For sodium deprivation experiments in adx rats the adx groups (n = 4–6 each) were adrenalectomized bilaterally, whereas control groups (n = 3–5 each) were sham-adrenalectomized. During 7 d of recovery after surgery all rats were provided with a 3% saline drinking tube in addition to their chow and water bottle.
Saline intake was measured daily during this 7 d period and used as screening test for complete removal of both adrenal glands (McEwen et al., 1986). Nearly all rats from which two fully encapsulated adrenal glands had been removed completely (verified postoperatively in a dissecting microscope) increased their daily 3% saline intake to ∼15 ml/d by 7 d after adrenalectomy, whereas none of the sham-operated control rats drank >5 ml/d. Adx rats that did not increase their daily intake of 3% NaCl to at least 10 ml/d by postoperative day 7 were excluded from additional analysis; in these few cases a torn or incomplete adrenal gland had been noted immediately after surgery. After this 7 d recovery/screening period the 3% NaCl tubes were removed.

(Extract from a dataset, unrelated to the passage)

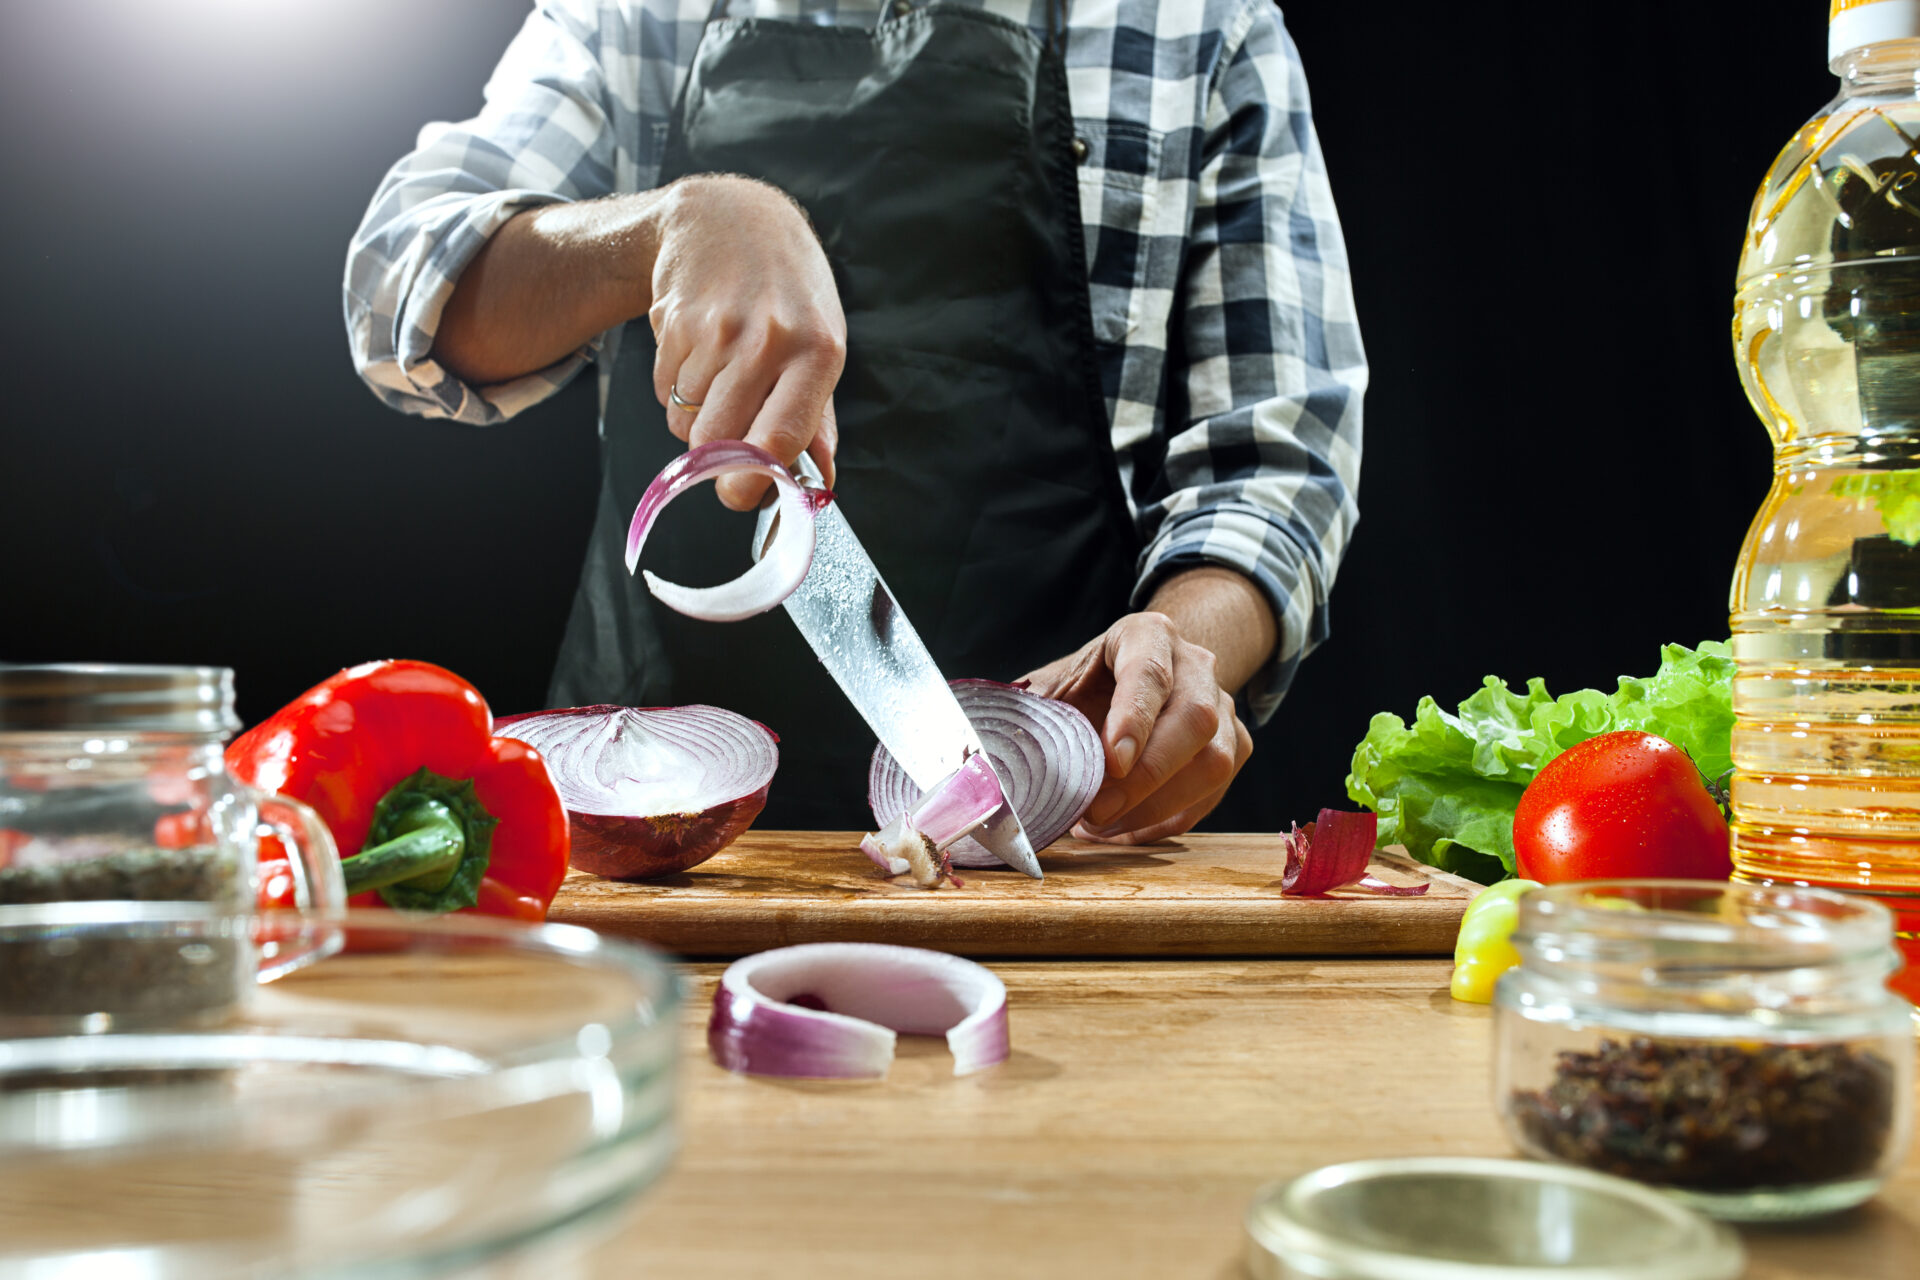 Qué cuchillos ocupan los chefs profesionales? - Blog Steward

Then sham and adx rats were divided into seven groups (n = 3–5 per group) and perfused after dietary sodium deprivation (as above) for 1–6 d (adx and sham groups) or 7 d (sham only). At longer sodium deprivation time points (5–7 d) adx rats became lethargic. None survived through a full 7 d, whereas all sham-adx rats remained healthy until perfusion. An additional adx group (n = 5) was sodium-deprived for 3 d (the time at which HSD2 neuron activation and sodium appetite are both maximal) [Jalowiec and Stricker (1973), their Fig. 6 and the intake data from Table 1] and then provided 24 h access to 3% saline to measure the effect of voluntary sodium repletion on HSD2 neuron activity.
Data analysis. For each case the number of HSD2 neurons containing nuclear c-Fos immunoreactivity was divided by the total number of HSD2 neurons to provide a percentage estimate. All data are presented as the group mean ± SEM. Student's two-tailed t test with a significance level of p < 0.05 was used for statistical comparisons, except in one experiment (furosemide plus 24 h, for which the Mann–Whitney U test was used; see below).

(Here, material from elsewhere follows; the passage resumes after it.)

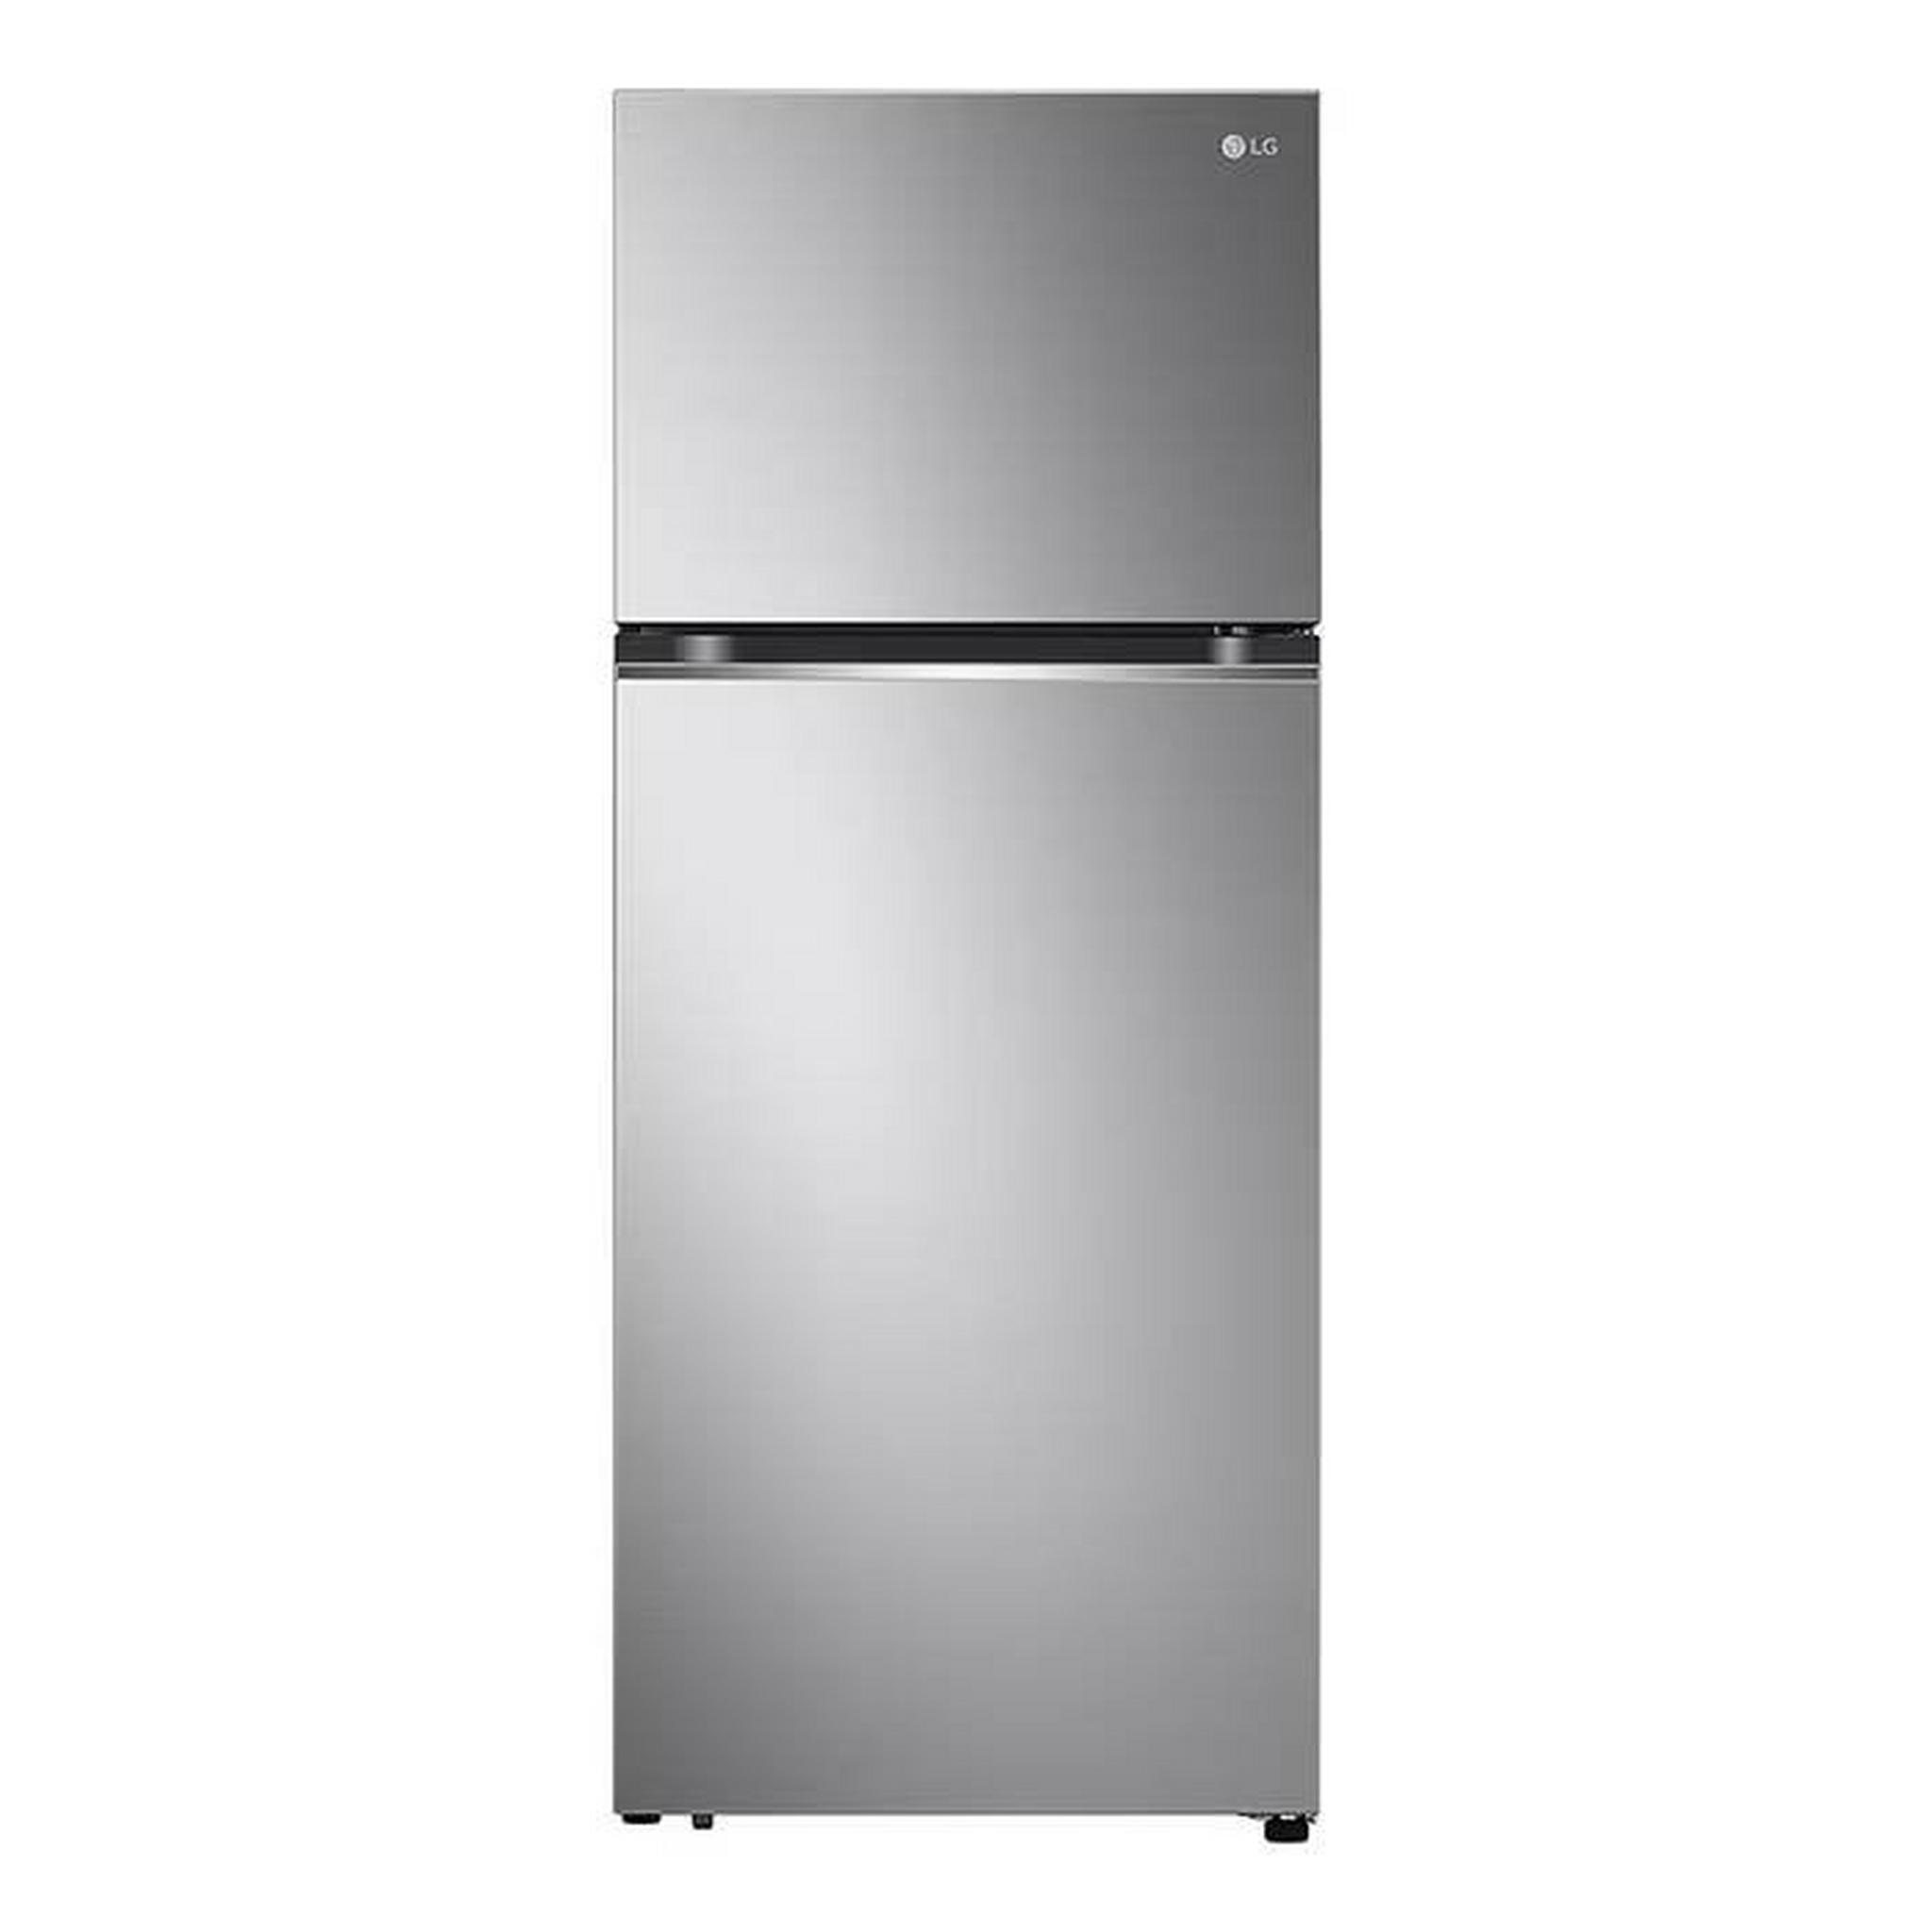 LG Top Mount Refrigerator, 14CFT, 395-Liters, GN-B522PLGB - Sliver

In the 24 h furosemide control group (high-sodium chow after diuresis) c-Fos expression was virtually absent within HSD2 neurons (range, 0–2%). In contrast, every case in the 24 h sodium-deprived group (low-sodium chow) was elevated above the control range: three cases exhibited mild (6.5, 7.7, 8.9%) c-Fos expression while two others had much higher levels (34, 37%), which were within the range of the 48 h data (20.0–47.2%). Thus 24 h after diuresis may represent a time point near which activation of the HSD2 neurons increases from a moderately elevated level to one that is sustained for the next day. The high variance in the 24 h sodium-deprived furosemide group resulted in a nonsignificant difference versus control (high-sodium chow/sodium repletion) by Student's two-tailed t test (p = 0.053) despite the obvious qualitative difference and non-overlapping ranges. For this reason, in this one experiment the nonparametric Mann–Whitney U test was used, instead of a two-tailed t test, for comparison without assumption about variance and demonstrated a significant difference (p = 0.016).

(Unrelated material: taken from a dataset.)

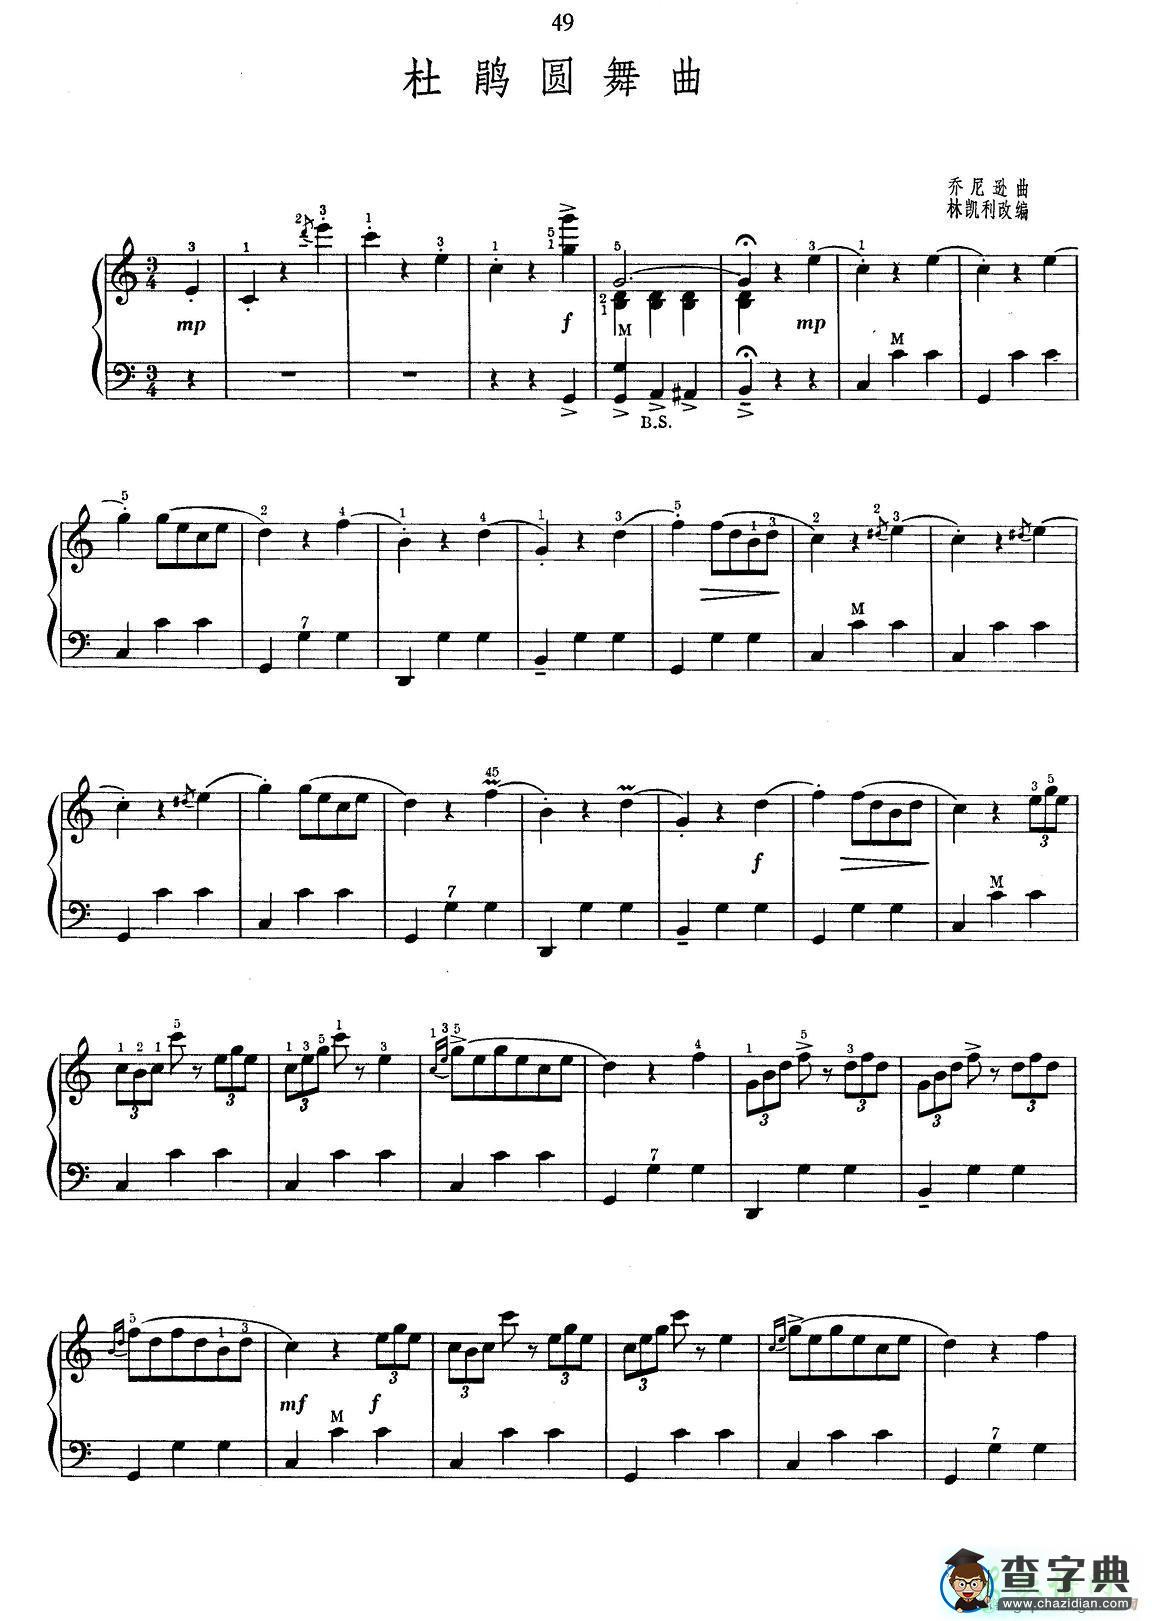 肖斯塔科维奇《第二爵士圆舞曲》手风琴谱-琴谱下载-朝刚手风琴网

HSD2 neurons of the NTS are aldosterone-sensitive and aldosterone-selective
The nuclear translocation of the MR was analyzed in vivo to test whether HSD2 neurons in the NTS are aldosterone-sensitive and aldosterone-selective. After the MR binds aldosterone (or corticosterone) in the cytoplasm, the activated ligand–receptor complex enters the nucleus to act as a transcription factor. The utility of MR nuclear translocation as an assay for cellular aldosterone sensitivity and selectivity has been demonstrated previously in vitro (Fejes-Toth et al., 1998; Odermatt et al., 2001). Here we examined MR nuclear translocation in the HSD2 neurons in vivo.
In adx vehicle-infused rats the MR rarely accumulated in the nuclei of HSD2 neurons (3.7 ± 2.1%; n = 7) (see Fig. 2, veh). Aldosterone and corticosterone were undetectable in blood plasma samples from these animals. In aldosterone-infused rats, however, a majority of HSD2 neurons exhibited dense nuclear MR immunoreactivity (62.7 ± 4.7%; p < 10–7 vs vehicle by two-tailed t test; n = 13) (Figs. 1D, 2, aldo). In these animals the plasma aldosterone concentrations (74.4 ± 10.2 ng/dl) approximated the values measured in sodium-deplete rats while corticosterone remained undetectable.
In contrast, corticosterone had only a small effect on MR nuclear translocation in the HSD2 neurons (19.4 ± 4.5%; p < 0.001 vs aldo group; n = 4) (Fig. 2, cort) despite plasma levels (7.9 ± 1.4 μg/dl) >100 times higher than the aldosterone concentrations measured in the aldosterone-infused group. The percentage of HSD2 neurons with dense nuclear MR in this group was, nonetheless, elevated above that of vehicle-treated rats (p = 0.015). Administration of aldosterone in combination with corticosterone consistently elevated the percentage of HSD2 neurons with dense nuclear MR (75.2 ± 4.0%; p < 10–8 vs veh; p < 10–4 vs cort; n = 6) (Fig. 2, cort + aldo), but not significantly higher than aldosterone alone (p = 0.12).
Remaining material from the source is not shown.